Package nl.vpro.util

Class TextUtil


  • public class TextUtil
    extends Object
    See JIRA
    Since:
    1.5
    Author:
    Roelof Jan Koekoek
    • Field Detail

      • ILLEGAL_PATTERN

        public static final Pattern ILLEGAL_PATTERN
        Reusable pattern for matching text against illegal characters
    • Method Detail

      • isValid

        public static boolean isValid​(@NonNull String input)
        Checks if given text input complies to POMS standard.
        See Also:
        for a rough check
      • normalizeWhiteSpace

        public static @PolyNull String normalizeWhiteSpace​(@PolyNull String input)
        Replaces any occurrences of 1 of more white space characters by one space.
      • normalizeWhiteSpacePreserveNewlines

        public static @PolyNull String normalizeWhiteSpacePreserveNewlines​(@PolyNull String input)
      • replaceLineBreaks

        public static @PolyNull String replaceLineBreaks​(@PolyNull String input)
        Replaces all line separators with a single white space character.
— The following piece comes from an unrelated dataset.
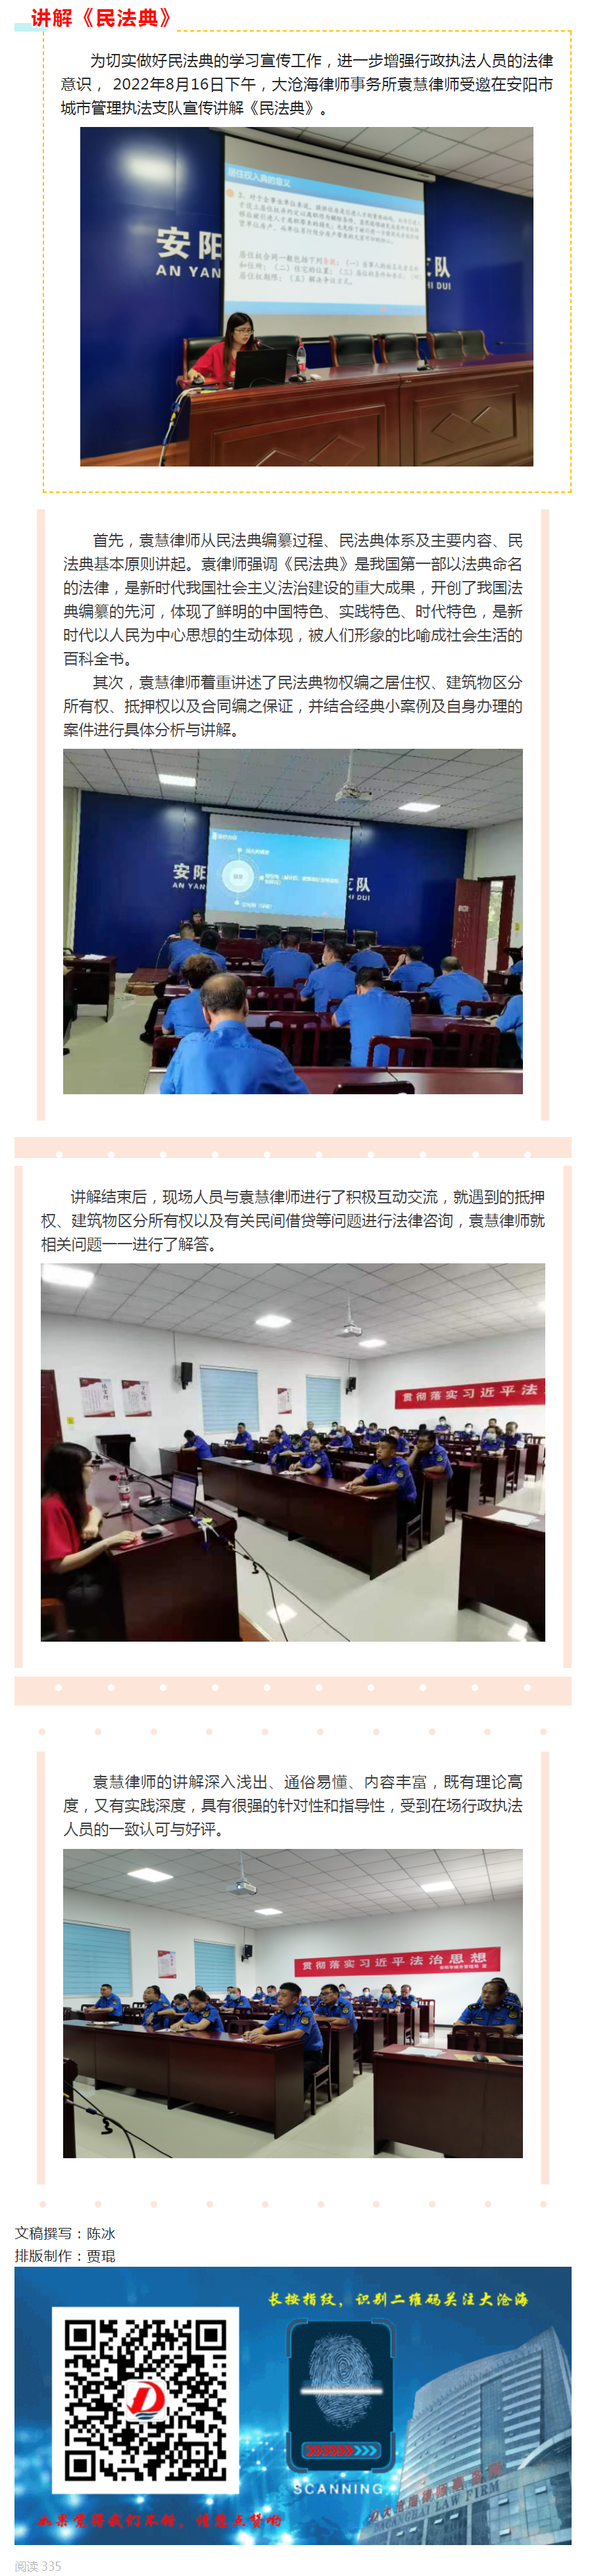 袁慧律师为安阳市城市管理执法支队宣传讲解《民法典》

The line separator character (
) is forbidden in most modern browsers. These browsers won't render any text containing this character.
      • replaceNonBreakingSpace

        public static @PolyNull String replaceNonBreakingSpace​(@PolyNull String input)
        Replaces all non breaking space characters ( ) with a normal white space character.
      • replaceOdd

        public static @PolyNull String replaceOdd​(@PolyNull String input)
        Replaces 'odd' characters with a normal white space character.
      • replaceHtmlEscapedNonBreakingSpace

        public static @PolyNull String replaceHtmlEscapedNonBreakingSpace​(@PolyNull String input)
        Replaces all non breaking space entities( ) with a normal white space character.
      • unescapeHtml

        public static @PolyNull String unescapeHtml​(@PolyNull String input)
        Un-escapes all html escape entities. For example: Replaces "&" with "&".
      • stripHtml

        public static @PolyNull String stripHtml​(@PolyNull String input)
        Strips html like tags from the input. All content between tags, even non-html content is being removed.
        Parameters:
        input - a piece of HTML or text containing some HTML markup
        Returns:
        One line representing only the textual content of the input
        See Also:
        for multiline interpretation
      • unhtml

        public static @PolyNull String unhtml​(@PolyNull String input)
        Parameters:
        input - A piece of HTML
        Returns:
        A piece of plain text, currently only supporting breaks, paragraphs, and lists. Empty paragraphs and multiple linebreaks are removed.
        Since:
        2.30
      • sanitize

        public static @PolyNull String sanitize​(@PolyNull String input)
        Aggressively removes all tags and escaped HTML characters from the given input and replaces some characters that might lead to problems for end users.
        Returns:
        A single line of text
      • getLexico

        public static @PolyNull String getLexico​(@PolyNull String title,
                                                 Locale locale)
        Returns the 'lexicographic' presentation of a title. This means that articles are stripped and moved to the end of the string. Currently only supported for dutch.
      • truncate

        public static @PolyNull String truncate​(@PolyNull String text,
                                                int max)
      • truncate

        public static @PolyNull String truncate​(@PolyNull String text,
                                                int max,
                                                boolean ellipses)
      • strikeThrough

        public static @PolyNull String strikeThrough​(@PolyNull CharSequence s)
        Gives a representation of the string which is completely 'stroke through' (using unicode control characters)
        Since:
        2.11
      • underLine

        public static @PolyNull String underLine​(@PolyNull CharSequence s)
        Gives a representation of the string which is completely 'underlined' (using unicode control characters)
        Since:
        2.11
      • underLineDouble

        public static @PolyNull String underLineDouble​(@PolyNull CharSequence s)
        Gives a representation of the string which is completely 'double underlined' (using unicode control characters)
        Since:
        2.11
      • overLine

        public static @PolyNull String overLine​(@PolyNull CharSequence s)
        Gives a representation of the string which is completely 'overlined' (using unicode control characters)
        Since:
        2.11
      • overLineDouble

        public static @PolyNull String overLineDouble​(@PolyNull CharSequence s)
        Gives a representation of the string which is completely 'double overlined' (using unicode control characters)
        Since:
        2.11
      • underDiaeresis

        public static @PolyNull String underDiaeresis​(@PolyNull CharSequence s)
        Gives a representation of the string which is completely 'diaeresised under' (using unicode control characters)
        Since:
        2.11